Thinking of building a granny flat? Here’s nine points that might help…

1. Bridge before care

While it may not be possible for an elderly person to avoid going into a care home eventually, a granny annex can offer a useful bridge between independence and the provision of care.

2. No council tax
The National Federation of Builders (NFB) says an annex occupied by an elderly or disabled family member has a 100% council tax discount.

3. Shared bills
Depending on how it’s built and your preferences, bills may be shared between the family home and the granny flat, potentially saving money (assuming granny or grand-dad doesn’t have the heating on all the time).

4. Do it sooner not later
Moving can be very stressful for anyone, but especially for an older person. A decision to build a granny flat needs to be made sooner rather than later – ie. before an elderly relative is in desperate need of an accommodation change, and while they’re still reasonably mobile if possible. Look on it as an investment for the future.

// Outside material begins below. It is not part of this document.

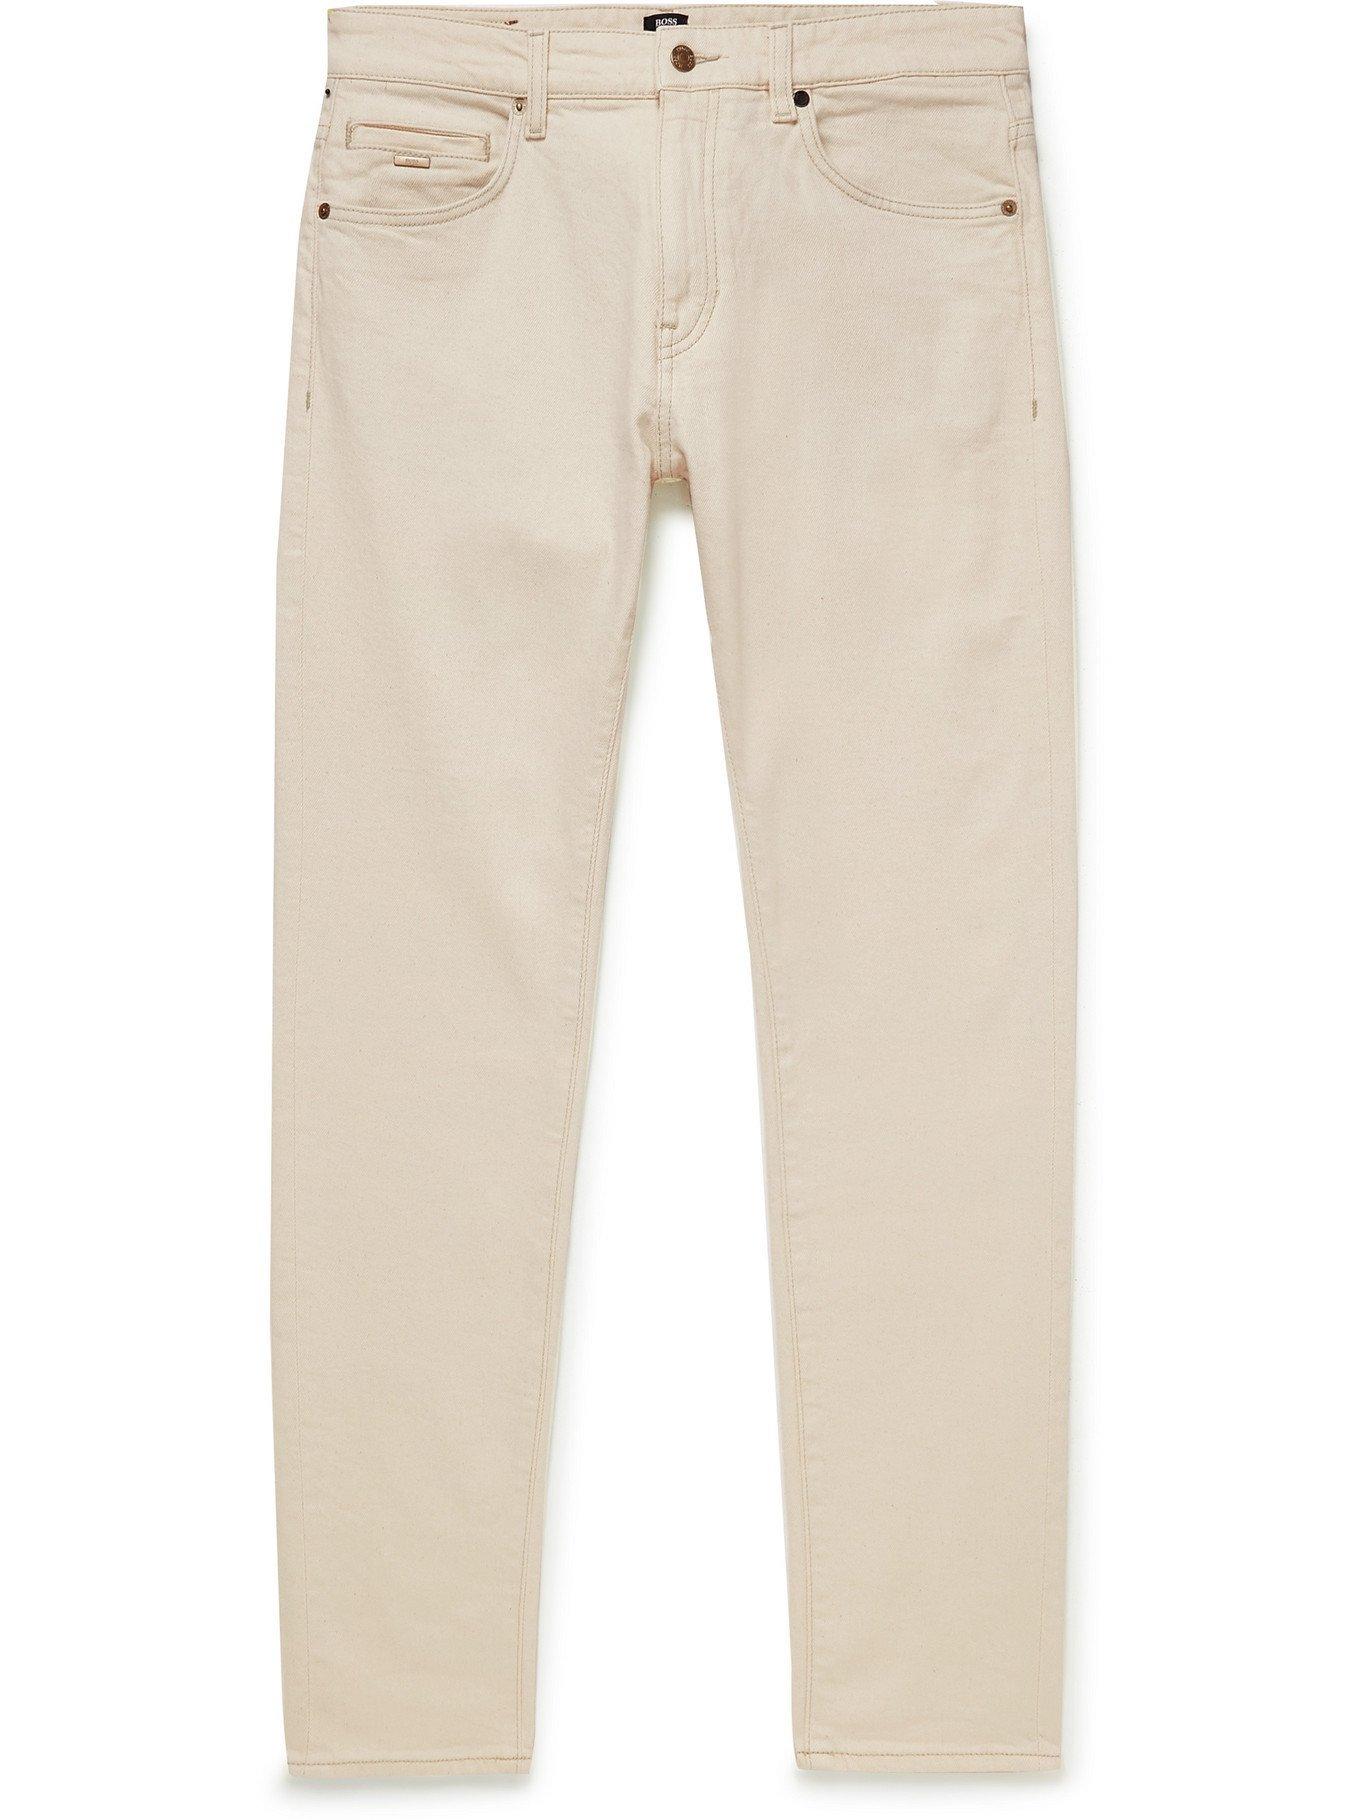 HUGO BOSS - Slim-Fit Tapered Stretch-Denim Jeans - Neutrals

5. Choose builders carefully
A new build can also be very stressful, so choose your builders carefully. The NFB’s Find a Builder (builders.org.uk/find-a-builder) helps people contact reputable builders who’ve been strictly vetted and have undergone a range of reference checks.

6. Plan for future needs
Think carefully not just about the elderly person’s needs now, but what they may be in the future. If your granny annex is two storeys, do the bedroom and toilet need to be downstairs in case mobility becomes an issue in later years?

7. Communication is key
Honest and detailed discussions are crucial, both with the builder before construction about the budget, timescale and exactly what you and the elderly relative want, and with your relative about how bills will be paid (if they’re shared), who’s responsible for the garden if it’s shared, whether you eat together, whether you knock before entering each other’s homes, etc.

8. Get legal advice
It’s important to discuss, and get legal advice if necessary, what happens if either the younger family or the older relative wants to sell up and move to a different property but the others don’t want to sell.

9. Be prepared for relationship breakdowns
It may also be worth seeing a solicitor to discuss what happens if there’s a relationship breakdown, as one of the family homeowners may demand their share of the property in divorce proceedings. What happens to the granny flat occupant then?